Norway managed its oil revenues into a sovereign wealth fund that now holds around two trillion dollars. Nigeria's oil revenues were captured through a combination of direct theft by successive military governments (Abacha's estate recovered three to five billion dollars after his death) and transfer pricing arrangements that understated the value of extracted oil at the point of export, while the Delta communities where extraction occurred received neither revenues nor compensation for systematic environmental destruction. The difference between Norway and Nigeria is not the oil.
Copper has never bribed a government minister. Soybeans have never signed a concession agreement transferring extraction rights to a foreign corporation on unfavorable terms. But humans have.
When a poor country's commodity suddenly commands high prices on world markets, four things happen simultaneously to four different groups of people.
The extraction workers get wages, often the best wages available locally. They spend them; some of this supports other employment. This is the part that appears in the poverty statistics and gets reported as development. Few if any of them have the wherewithal to spend their new income on creating new local capacities, e.g. a well-recognized title to some improvable land, or a workshop they can outfit with better tools.
The extraction companies, usually foreign because the capital and technology required are concentrated in rich countries and the concession agreements were signed when the country had few alternatives, get the margin above wages and operating costs. Under terms typical of the structural adjustment era, this margin is large. It leaves the country.
The state gets royalties and taxes, a negotiated fraction of the extraction company's revenues, smaller than it would be if the government had negotiated from strength, which it did not, because the concession was signed when the country needed foreign exchange to service its debt. The government now has a budget interest in extraction continuing. Ministers who might otherwise concern themselves with manufacturing or agriculture concern themselves with royalty rates. Their interests have been restructured: maximizing their own welfare and maximizing the extraction company's preferred outcome have become the same decision.

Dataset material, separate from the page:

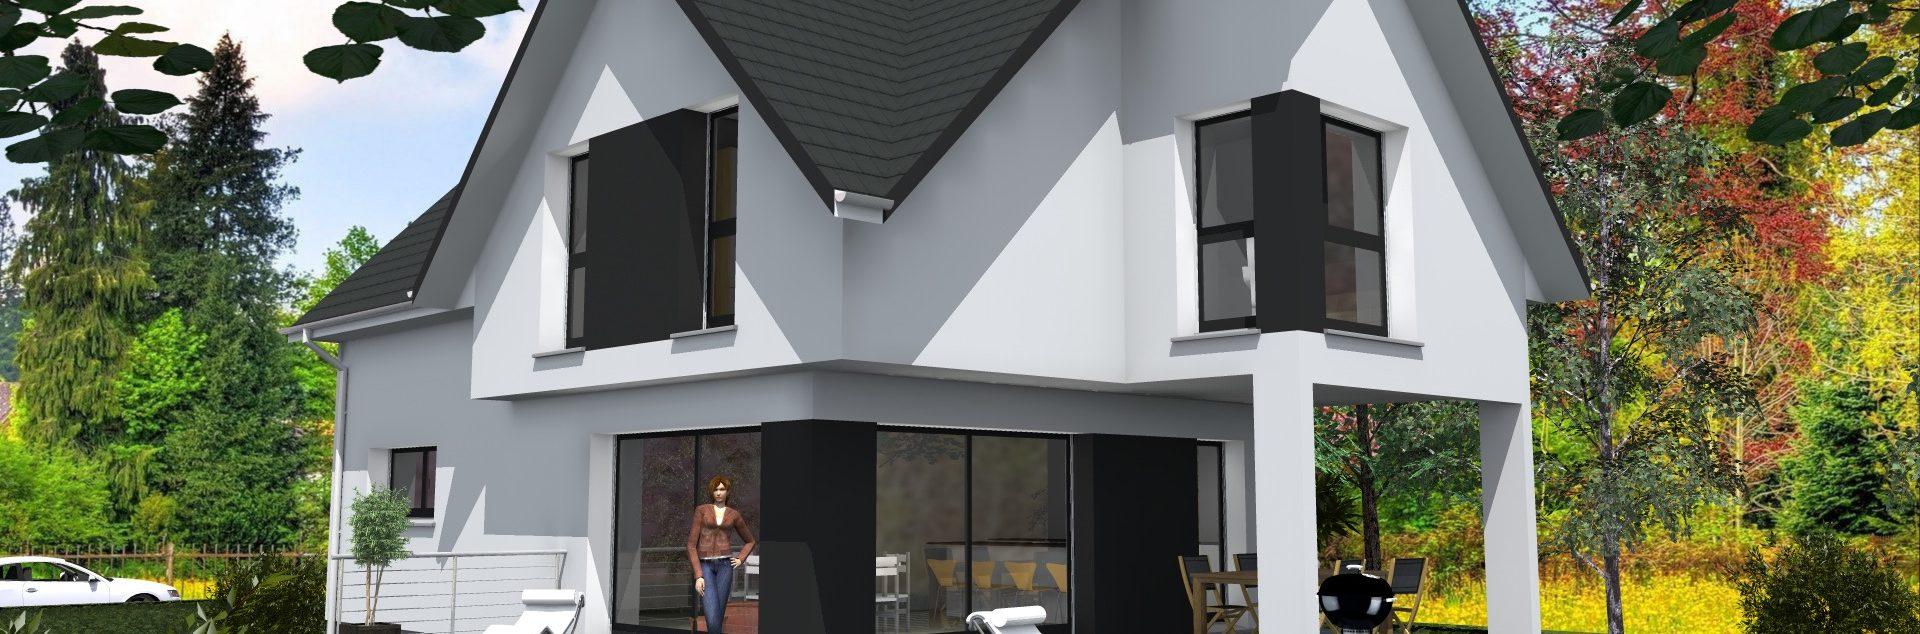 140 m²

Most of the people participating in a diverse local economy of exchange lose, though which job-labels lose differs. In ore-exporting countries, local manufacturers find the currency has strengthened and their goods are now too expensive for foreign buyers. In agricultural countries, the exported staple crowds out the diverse farming and trading ecosystem that fed into broader productive development. Everywhere, the people whose livelihoods depend on a working local economy rather than on extraction rents or state payrolls find themselves priced out or undercut by a mechanism they did not choose and cannot individually resist.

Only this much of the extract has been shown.